(YOUR GOAL) Images are to be excluded, and the rest of the data repeated exactly.

** DATA BLOCK follows **

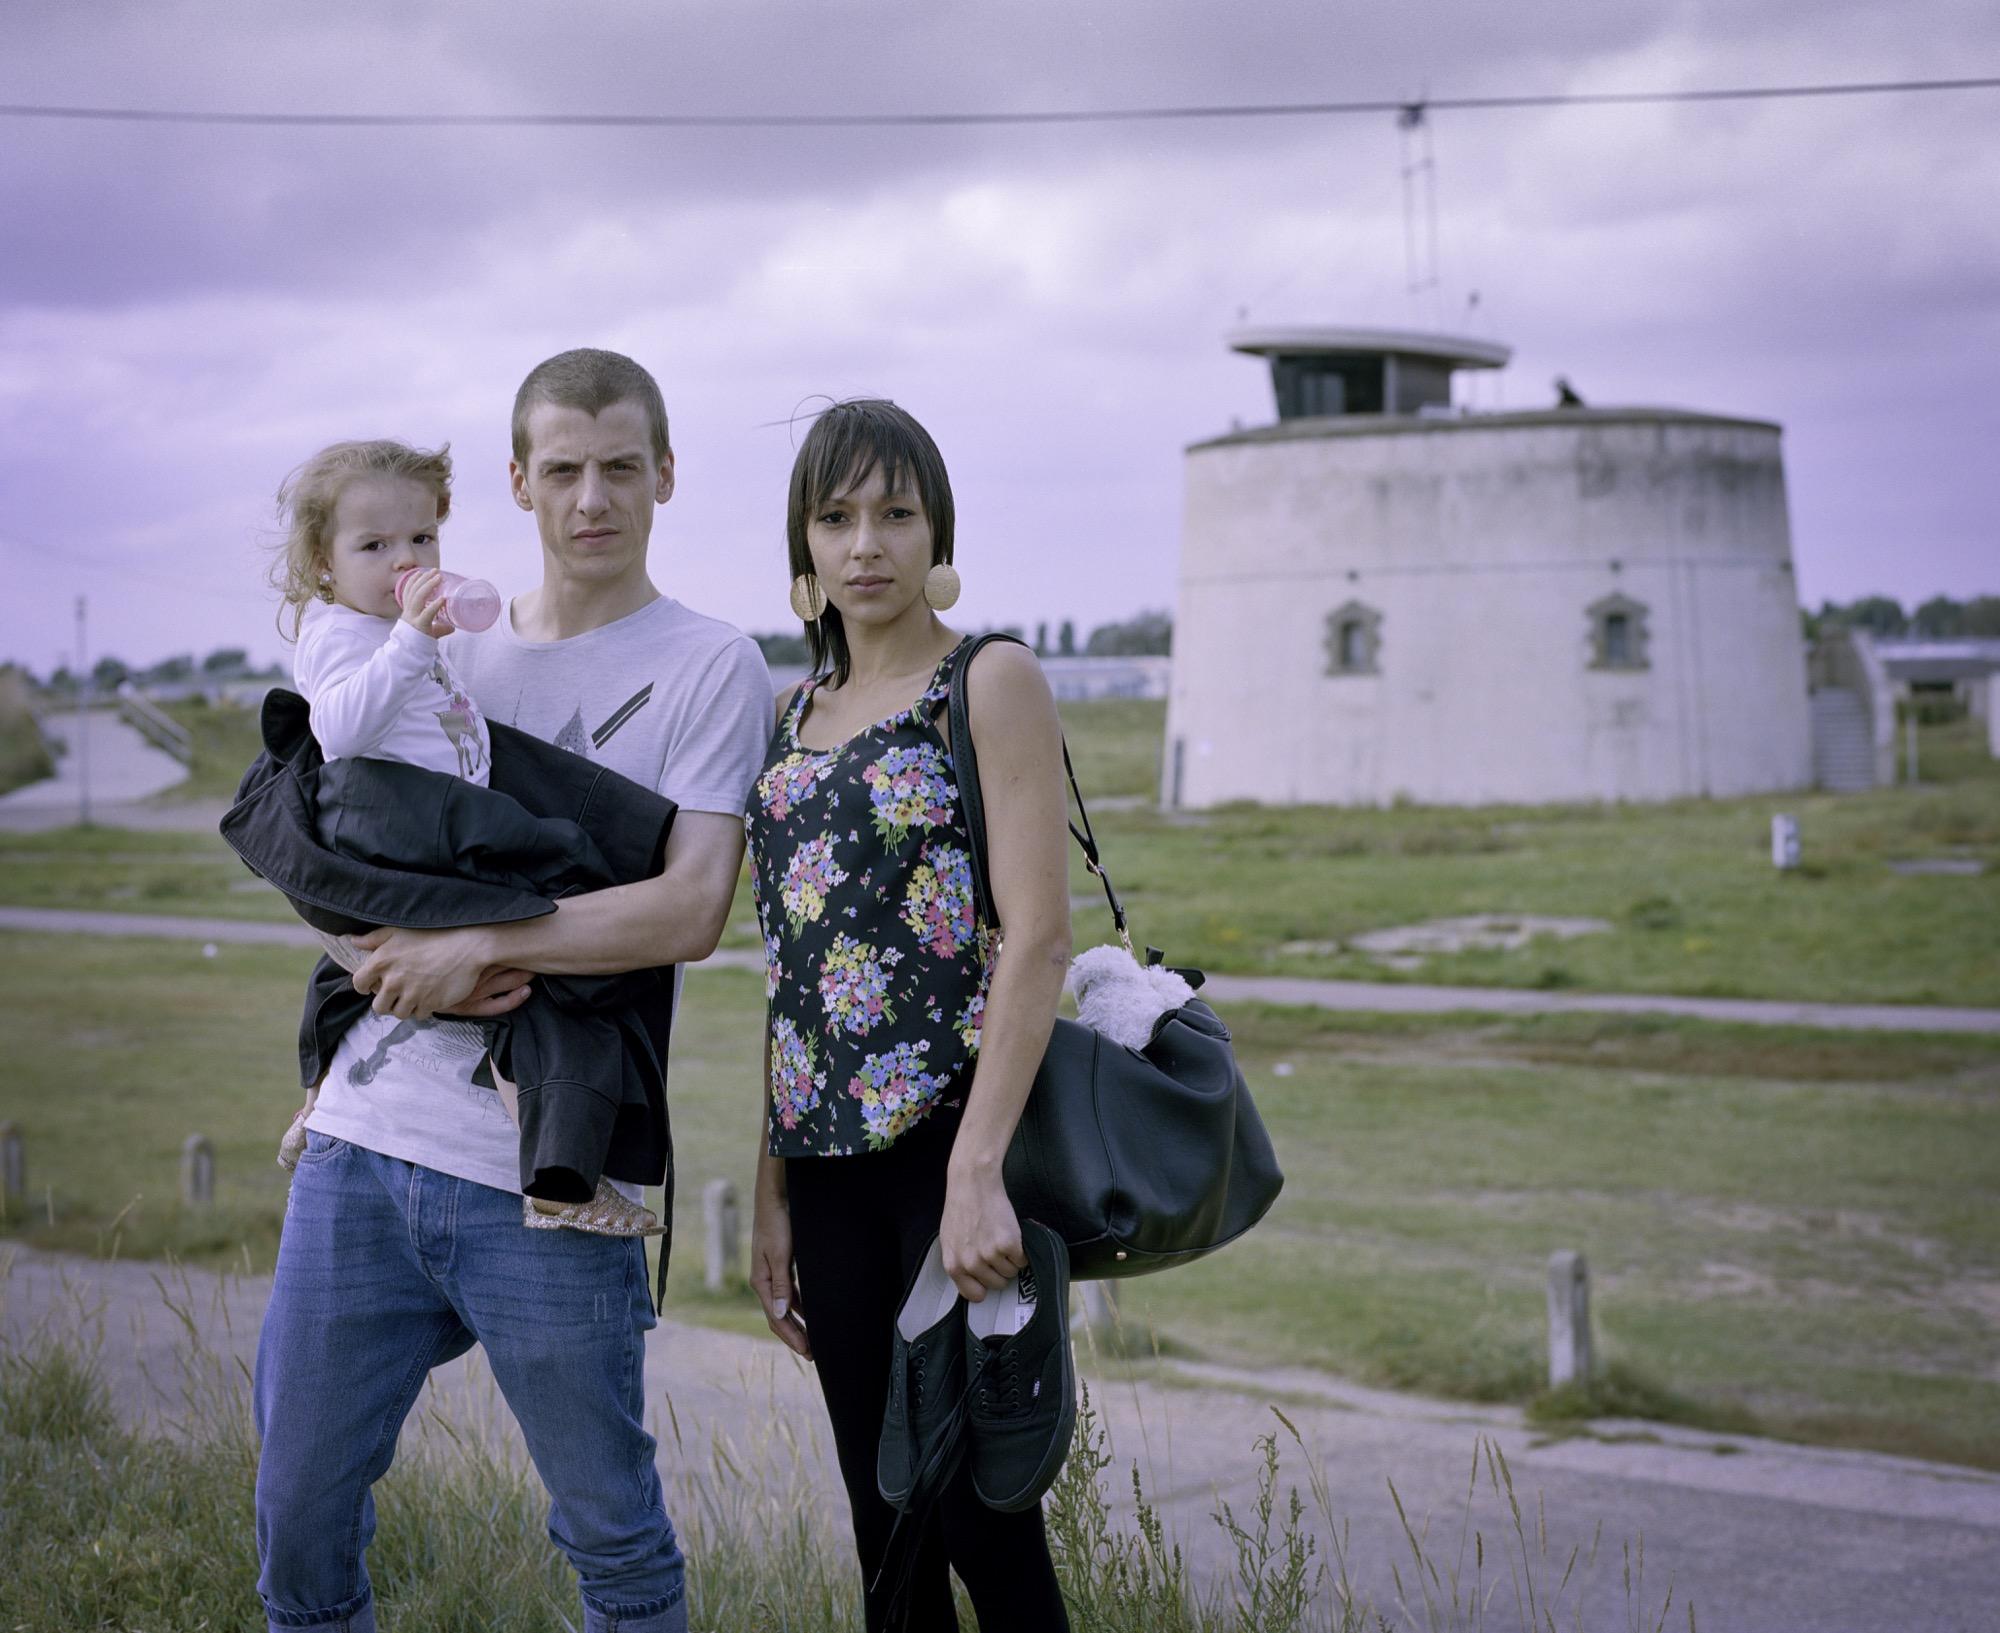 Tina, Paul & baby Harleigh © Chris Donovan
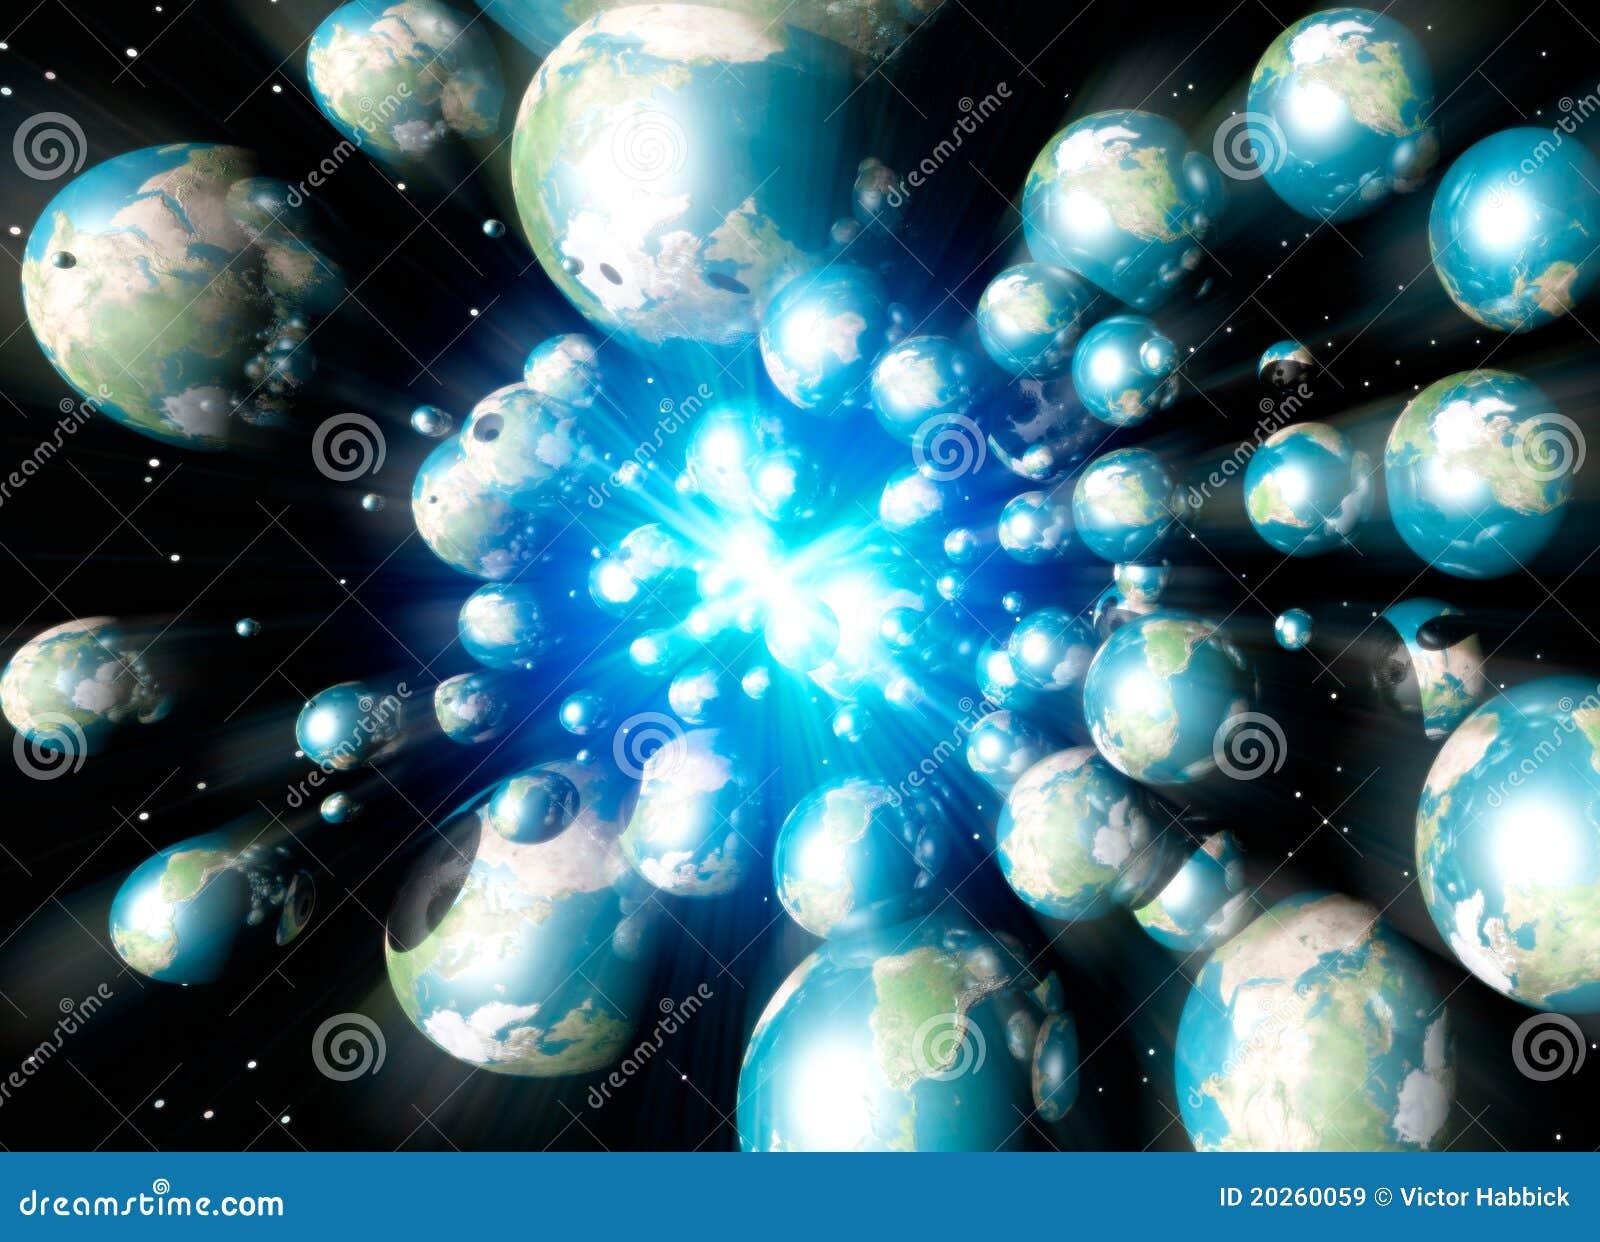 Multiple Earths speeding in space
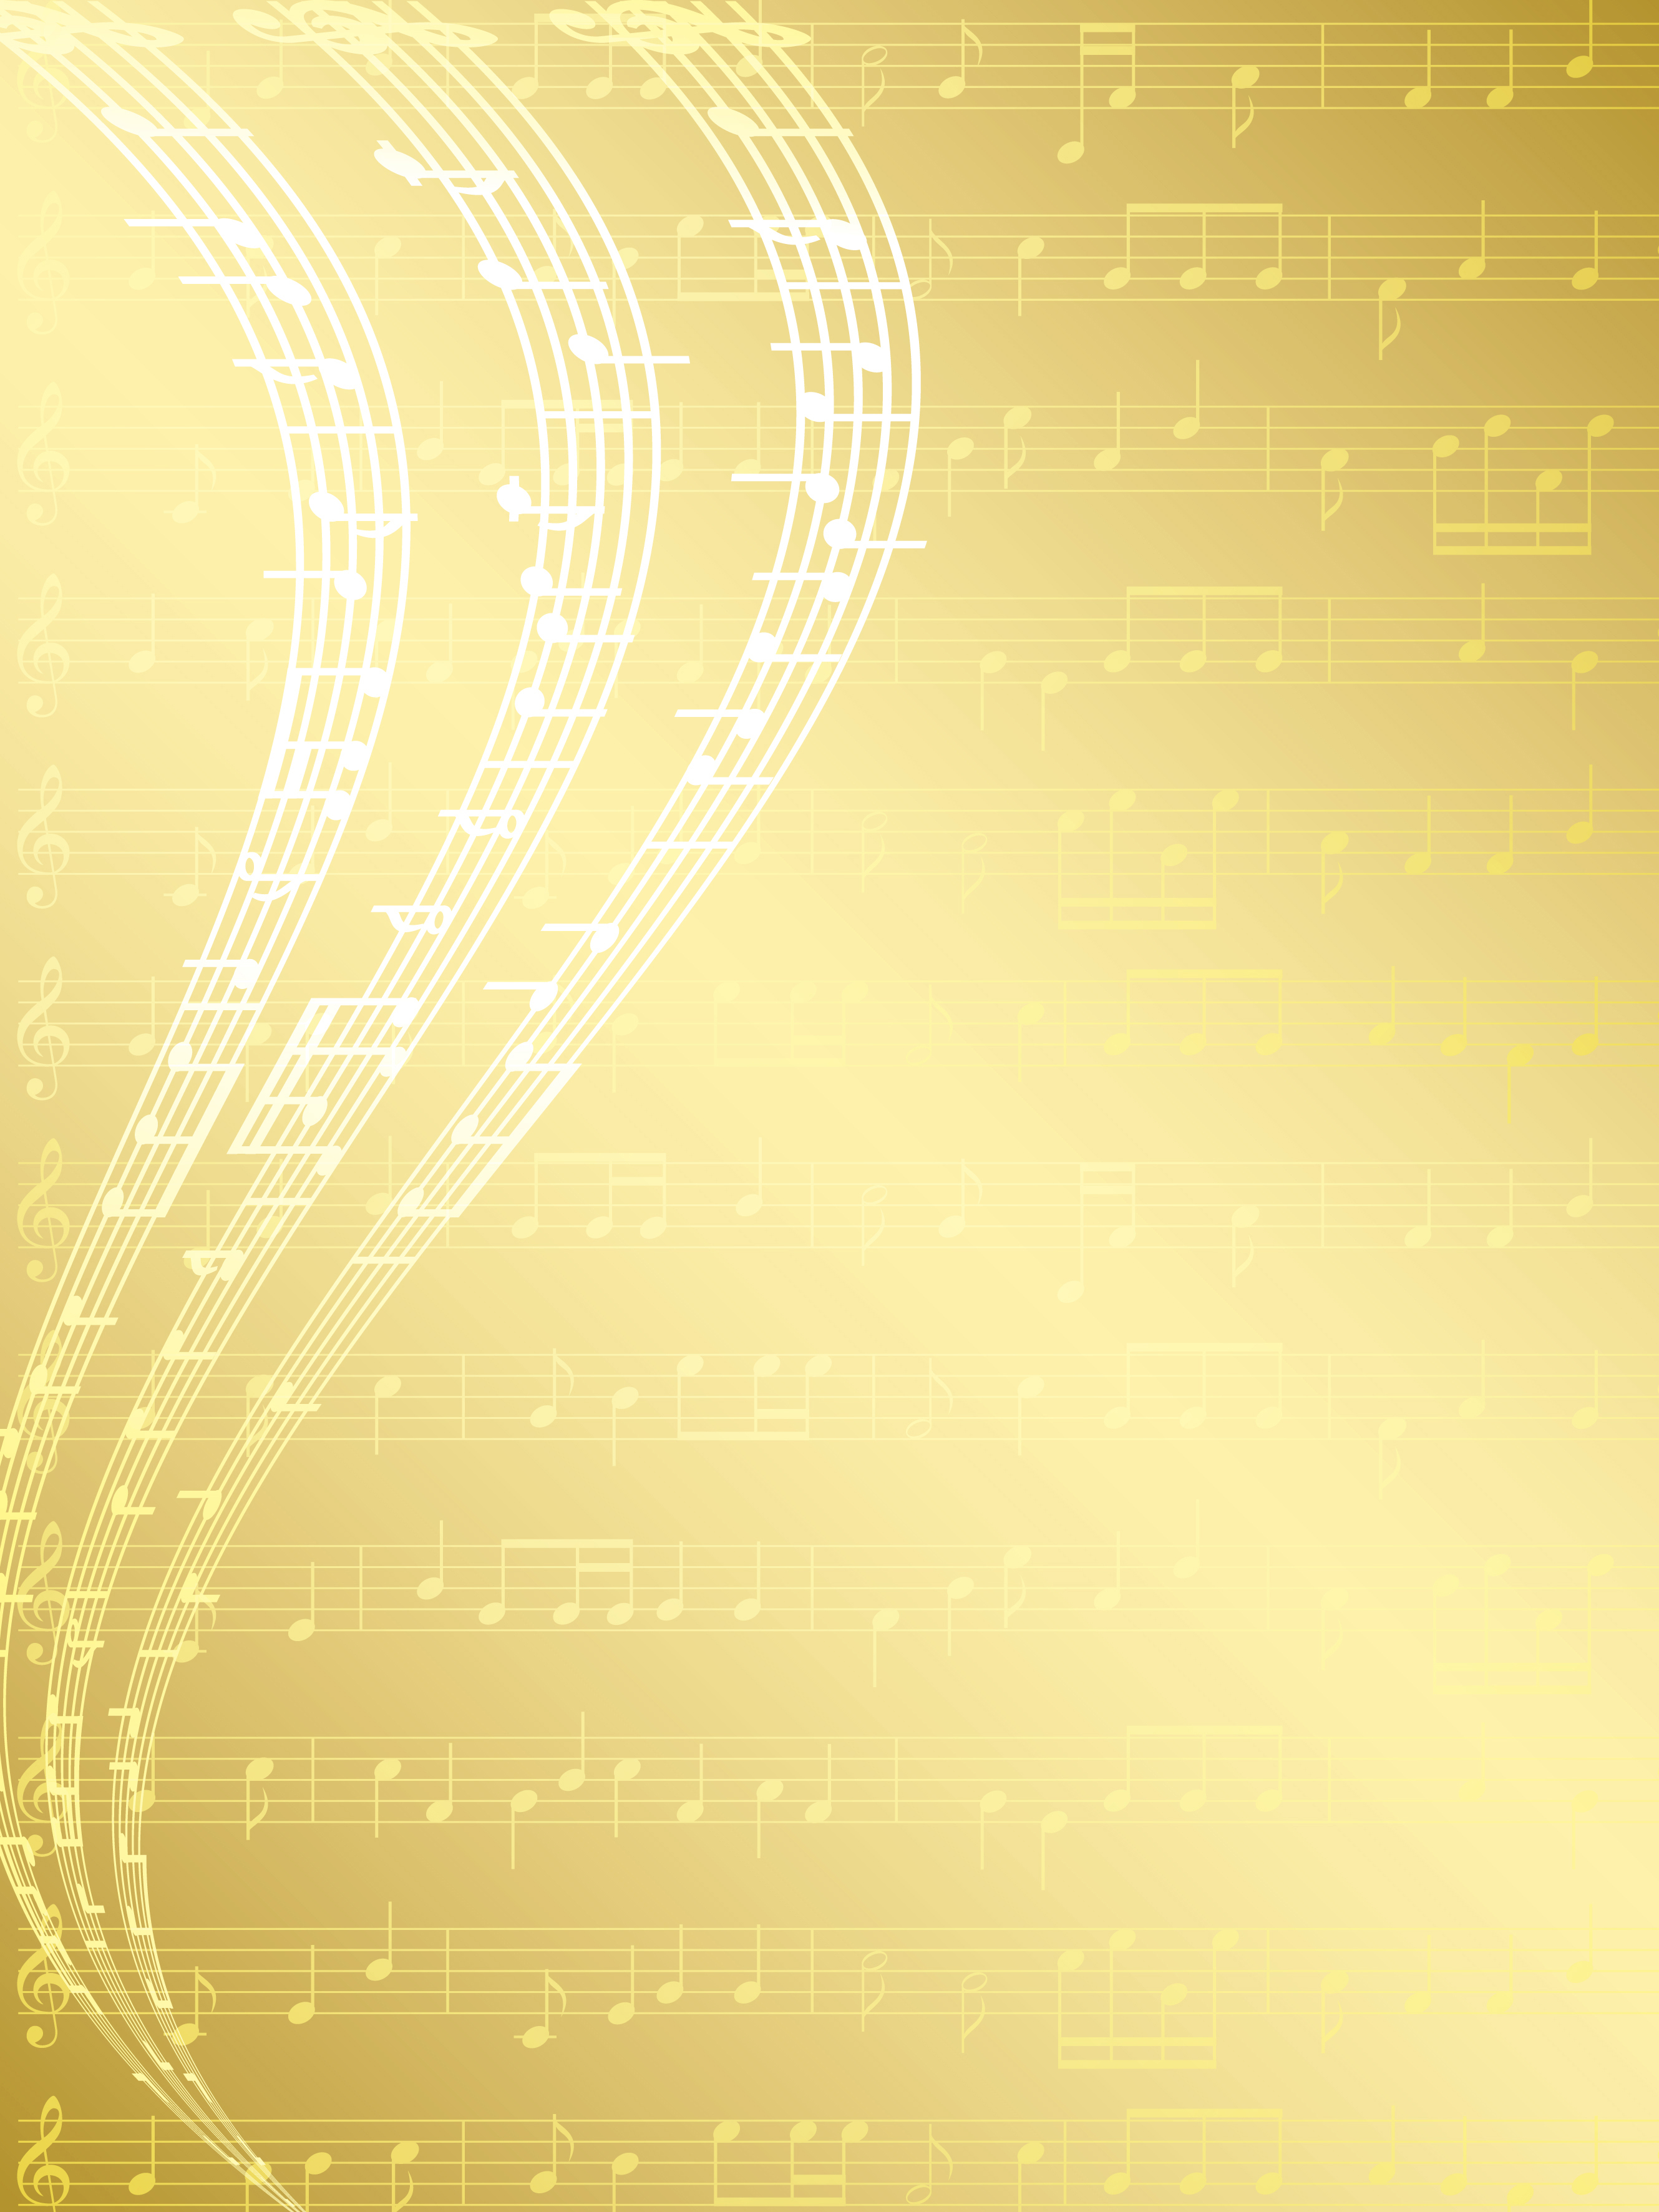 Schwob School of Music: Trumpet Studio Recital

** End of DATA BLOCK **

(RESULT FOR THIS TASK)
 Tina, Paul & baby Harleigh © Chris Donovan
 Multiple Earths speeding in space
 Schwob School of Music: Trumpet Studio Recital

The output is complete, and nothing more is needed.